== Recorded data ==
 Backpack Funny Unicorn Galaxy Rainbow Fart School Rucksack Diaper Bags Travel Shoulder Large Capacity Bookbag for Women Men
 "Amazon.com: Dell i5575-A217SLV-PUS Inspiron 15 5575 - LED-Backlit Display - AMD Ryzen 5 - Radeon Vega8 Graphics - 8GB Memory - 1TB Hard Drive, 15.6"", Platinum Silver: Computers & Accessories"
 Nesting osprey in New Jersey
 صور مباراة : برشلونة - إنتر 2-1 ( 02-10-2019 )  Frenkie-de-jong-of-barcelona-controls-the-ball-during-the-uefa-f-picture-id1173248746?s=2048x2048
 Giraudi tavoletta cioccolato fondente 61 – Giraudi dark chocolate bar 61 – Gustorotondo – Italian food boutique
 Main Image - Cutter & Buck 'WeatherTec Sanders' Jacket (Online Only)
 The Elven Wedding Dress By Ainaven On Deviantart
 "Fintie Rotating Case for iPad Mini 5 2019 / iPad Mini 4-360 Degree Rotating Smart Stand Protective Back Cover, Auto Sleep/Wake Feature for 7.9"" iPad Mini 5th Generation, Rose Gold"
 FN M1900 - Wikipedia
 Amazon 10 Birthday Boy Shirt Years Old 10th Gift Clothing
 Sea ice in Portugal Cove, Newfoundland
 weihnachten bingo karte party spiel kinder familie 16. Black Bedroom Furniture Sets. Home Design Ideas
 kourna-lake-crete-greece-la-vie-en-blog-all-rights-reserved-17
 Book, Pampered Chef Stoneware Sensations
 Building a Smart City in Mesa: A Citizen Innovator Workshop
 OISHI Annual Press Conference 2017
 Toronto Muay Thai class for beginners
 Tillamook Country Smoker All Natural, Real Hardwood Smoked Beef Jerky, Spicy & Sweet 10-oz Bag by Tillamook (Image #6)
===
* Exercise
Your reply is to repeat, unchanged, the lines above running from the one with "Rotating Case for" up to and including the one with "Sea ice in Portugal Cove, Newfoundland".

* Answer for this exercise
 "Fintie Rotating Case for iPad Mini 5 2019 / iPad Mini 4-360 Degree Rotating Smart Stand Protective Back Cover, Auto Sleep/Wake Feature for 7.9"" iPad Mini 5th Generation, Rose Gold"
 FN M1900 - Wikipedia
 Amazon 10 Birthday Boy Shirt Years Old 10th Gift Clothing
 Sea ice in Portugal Cove, Newfoundland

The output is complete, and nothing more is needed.